To start out a run of the pipeline, use the next code:

kubectl apply -f pipeline-execution.yaml

Overview and troubleshoot the pipeline run

To checklist all pipelines created utilizing the ACK controller, use the next command:

To checklist all pipeline runs, use the next command:

kubectl get pipelineexecution

To get extra particulars concerning the pipeline after it’s submitted, like checking the standing, errors, or parameters of the pipeline, use the next command:

kubectl describe pipeline my-kubernetes-pipeline

To troubleshoot a pipeline run by reviewing extra particulars concerning the run, use the next command:

kubectl describe pipelineexecution my-kubernetes-pipeline-execution

Clear up

Use the next command to delete any pipelines you created:

Use the next command to cancel any pipeline runs you began:

kubectl delete pipelineexecution

Conclusion

On this put up, we introduced an instance of how ML engineers acquainted with Jupyter notebooks and SageMaker environments can effectively work with DevOps engineers acquainted with Kubernetes and associated instruments to design and preserve an ML pipeline with the correct infrastructure for his or her group. This permits DevOps engineers to handle all of the steps of the ML lifecycle with the identical set of instruments and atmosphere they’re used to, which permits organizations to innovate sooner and extra effectively.

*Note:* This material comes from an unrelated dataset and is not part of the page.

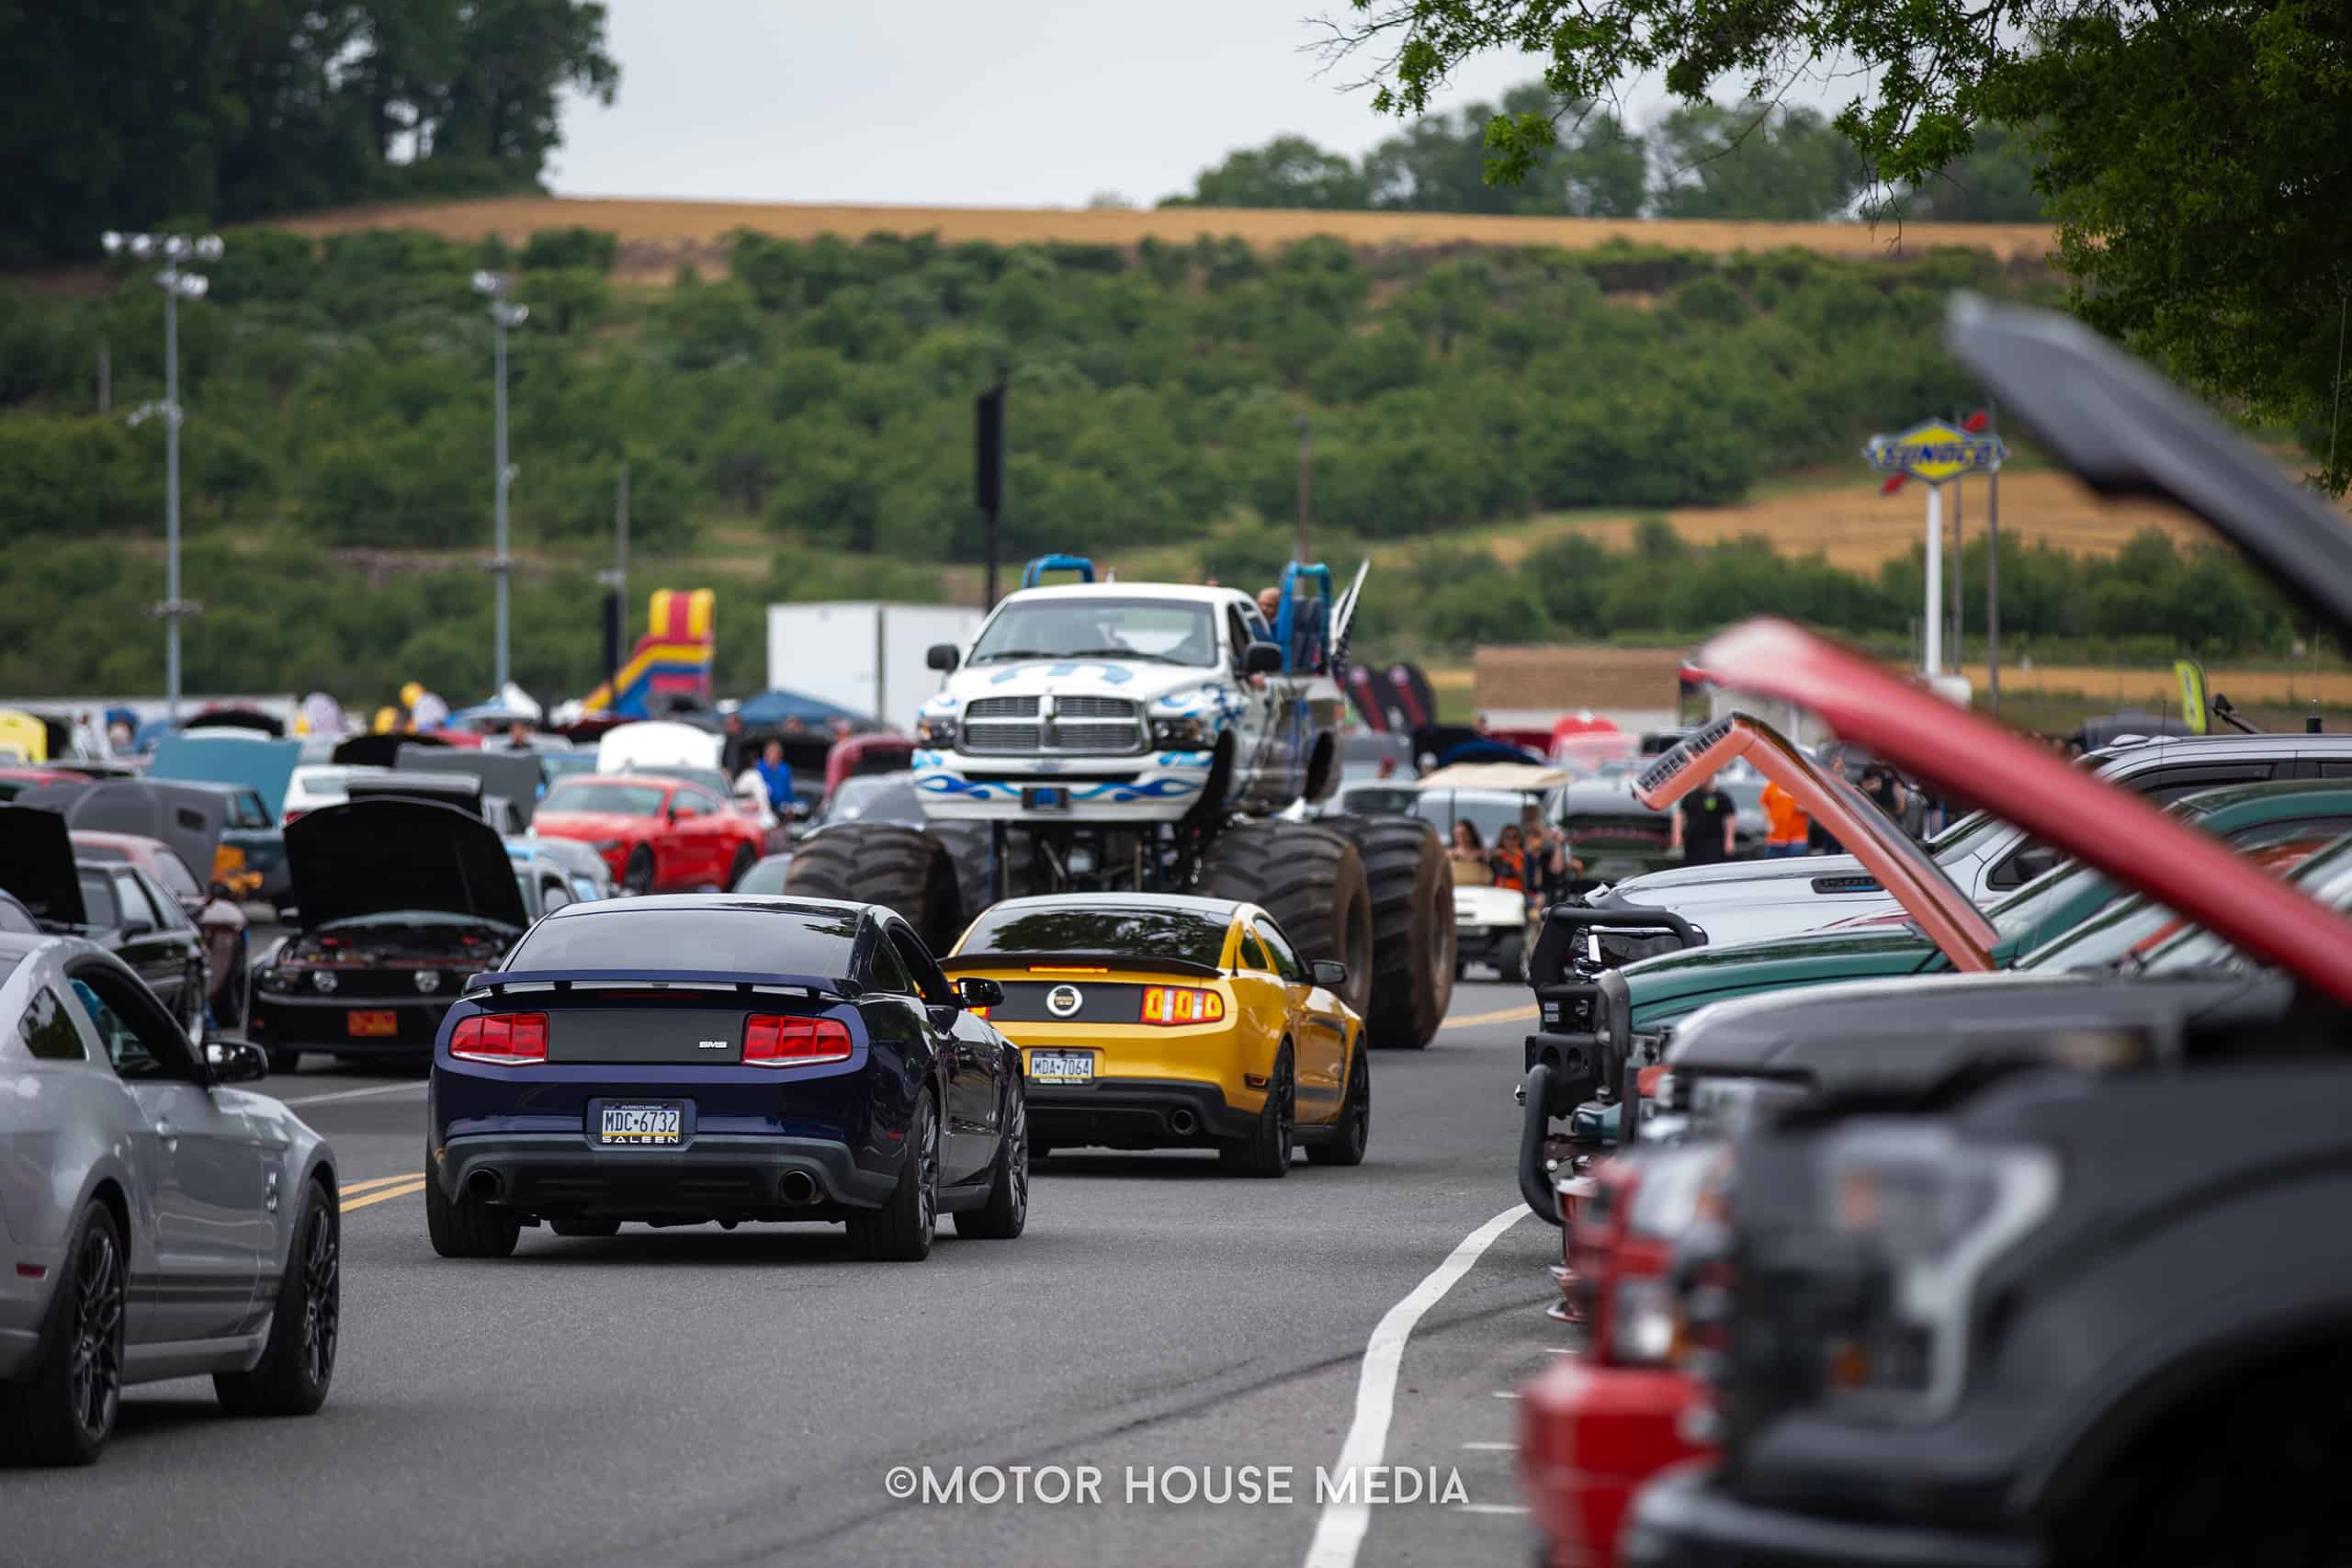 Turn 5 charity auto show line up of cars, trucks & Jeeps

Discover the GitHub repository for ACK and the SageMaker controller to start out managing your ML operations with Kubernetes.

In regards to the Authors

Pratik Yeole is a Senior Options Architect working with world clients, serving to clients construct value-driven options on AWS. He has experience in MLOps and containers domains. Outdoors of labor, he enjoys time with associates, household, music, and cricket.

Felipe Lopez is a Senior AI/ML Specialist Options Architect at AWS. Previous to becoming a member of AWS, Felipe labored with GE Digital and SLB, the place he centered on modeling and optimization merchandise for industrial functions.